Станислав Румянцев — российский актер театра и кино, телеведущий, по совместительству каскадер и папа. Сыграл роль легендарного игрока «Спартака» Федора Черенкова в новом спортивном блокбастере «Федя. Народный футболист», который выйдет на экраны уже 31 октября.
Начнем с того, что ты и телеведущий, и в театре служишь, и режиссирушь, а сейчас еще и главную роль в кино сыграл. Что тебе вообще ближе - театр, кино или телевидение? Если бы можно было выбирать что-то одно, что бы выбрал?
В целом я бы выбрал не выбирать, потому что понятие «артист» широкое. Артист как художник занимается разными творческими вопросами, и они все настолько разные, и в каждом из них есть какая-то своя уникальная вещь. В театре есть живое «здесь и сейчас», моментальный отклик от зрительского зала. Это как хождение по канату, нет права на ошибку, все будет видно, в этом интерес и азарт. Телевидение для меня — абсолютная свобода. Я делаю все, что хочу, в кадре: я шучу, прикалываюсь, импровизирую… Чем свободней ты, тем лучше!
А в кино — это природа единения. Меня ведет чувство, что огромный коллектив, порой команда в пятьсот человек, создает одно целое. Человек давно на Земле, и эта любовь к объединению на каком-то генетическом уровне у нас сохранилась. Именно поэтому люди, попадая на съемочную площадку, очень очаровываются кино. Каждый знает свое маленькое дело, и получается такой слаженный муравейник.
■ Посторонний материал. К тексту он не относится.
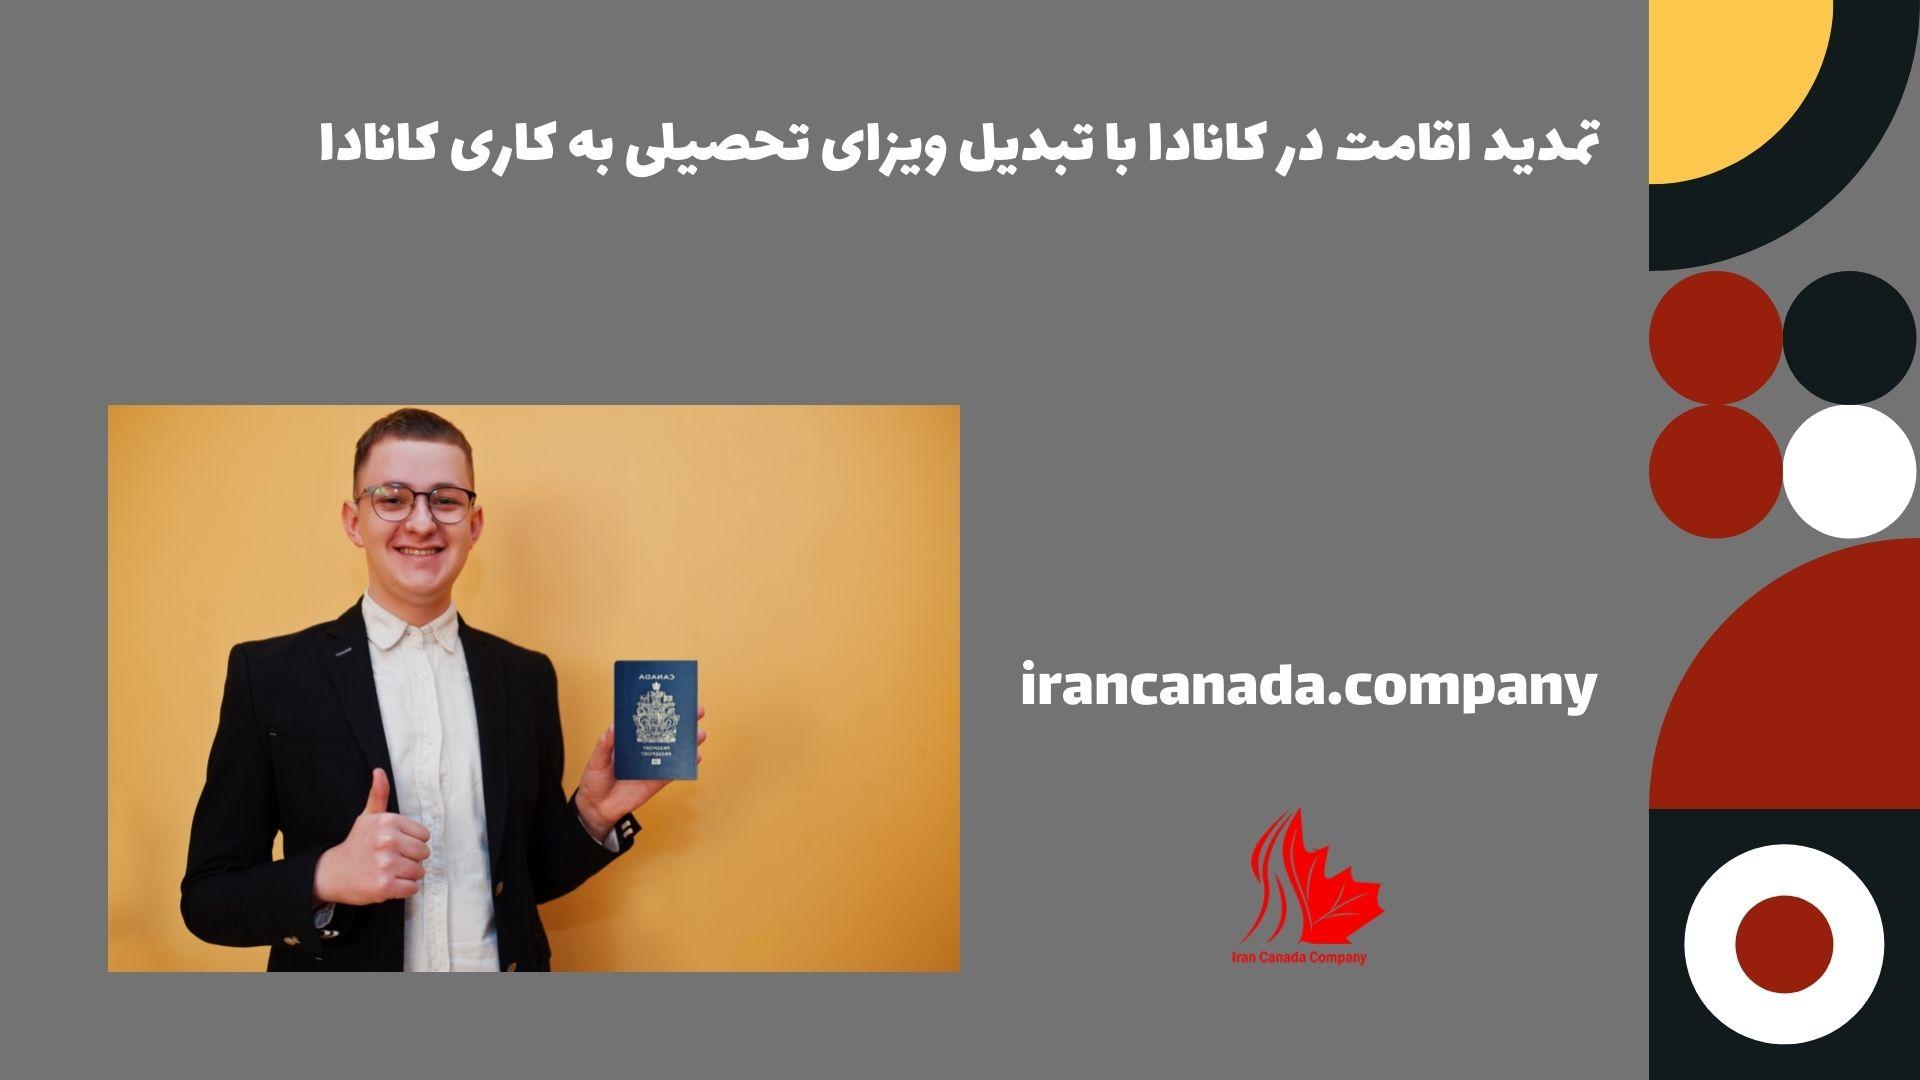 تمدید اقامت در کانادا با تبدیل ویزای تحصیلی به کاری کانادا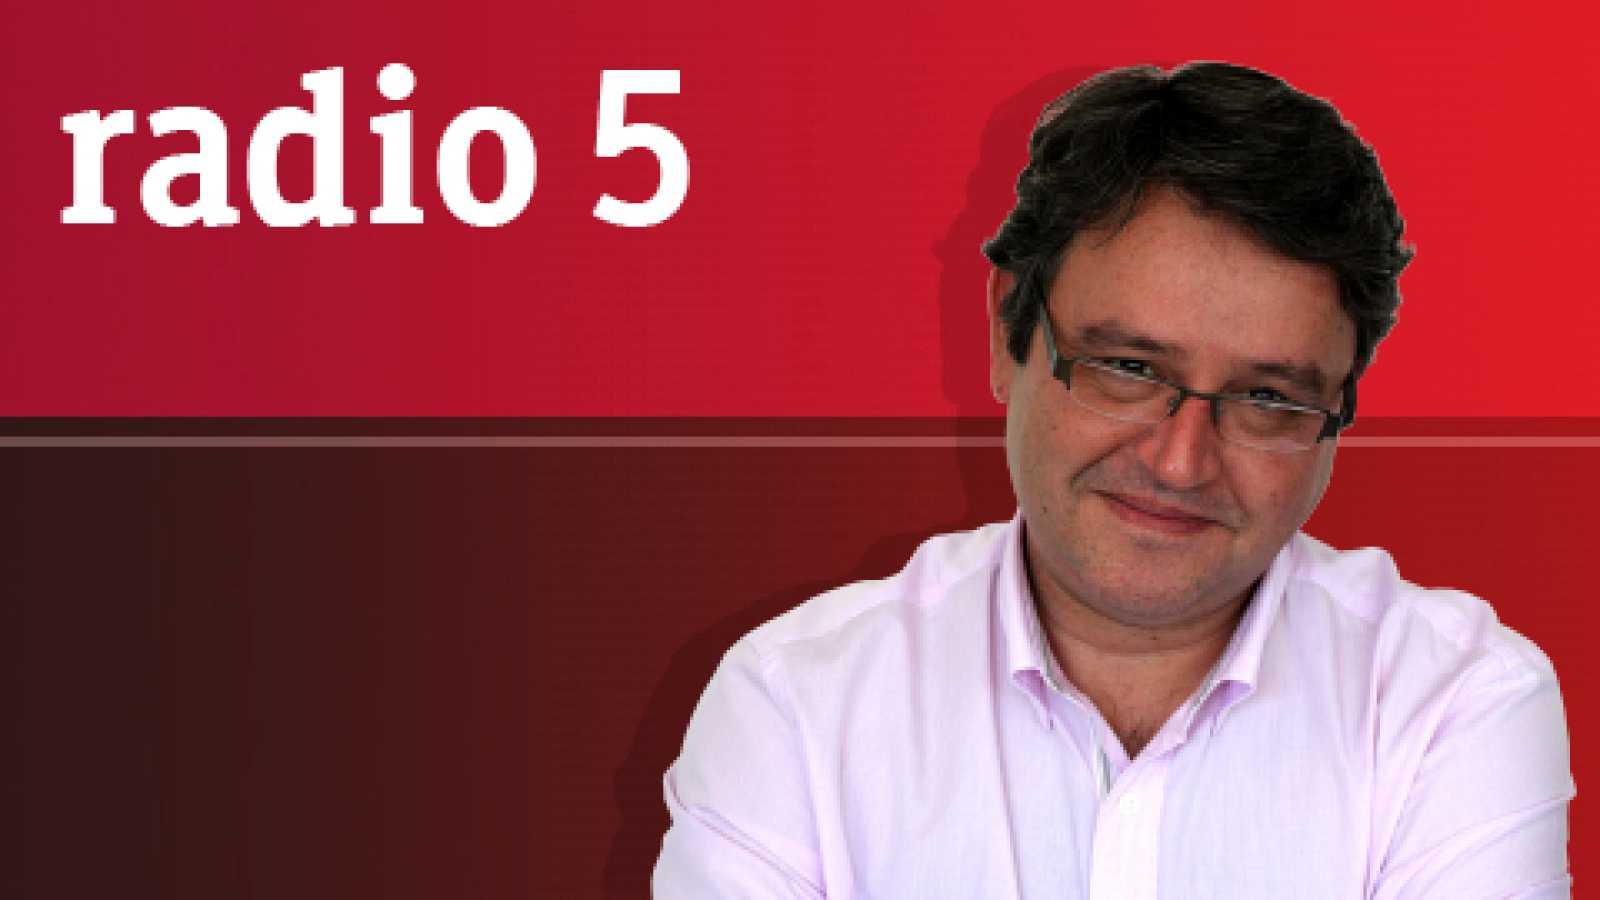 Sostenible y renovable en Radio 5 - Día Internacional de la Mujer y la Niña en la Ciencia - 06/02/18 - escuchar ahora

Если бы все-таки пришлось выбирать, то я бы выбрал кино. Это, мне кажется, возможность оставить след в истории, принести свою ценность огромному количеству людей, потому что театр и телевидение имеют более узкую аудиторию, а кино — это широко, это возможность поделиться своей историей с миллионами людей.
У тебя в послужном списке мы обнаружили два иммерсивных спектакля, в свое время гремевших в столице. Где сложнее играть — в классическом театре или в современном?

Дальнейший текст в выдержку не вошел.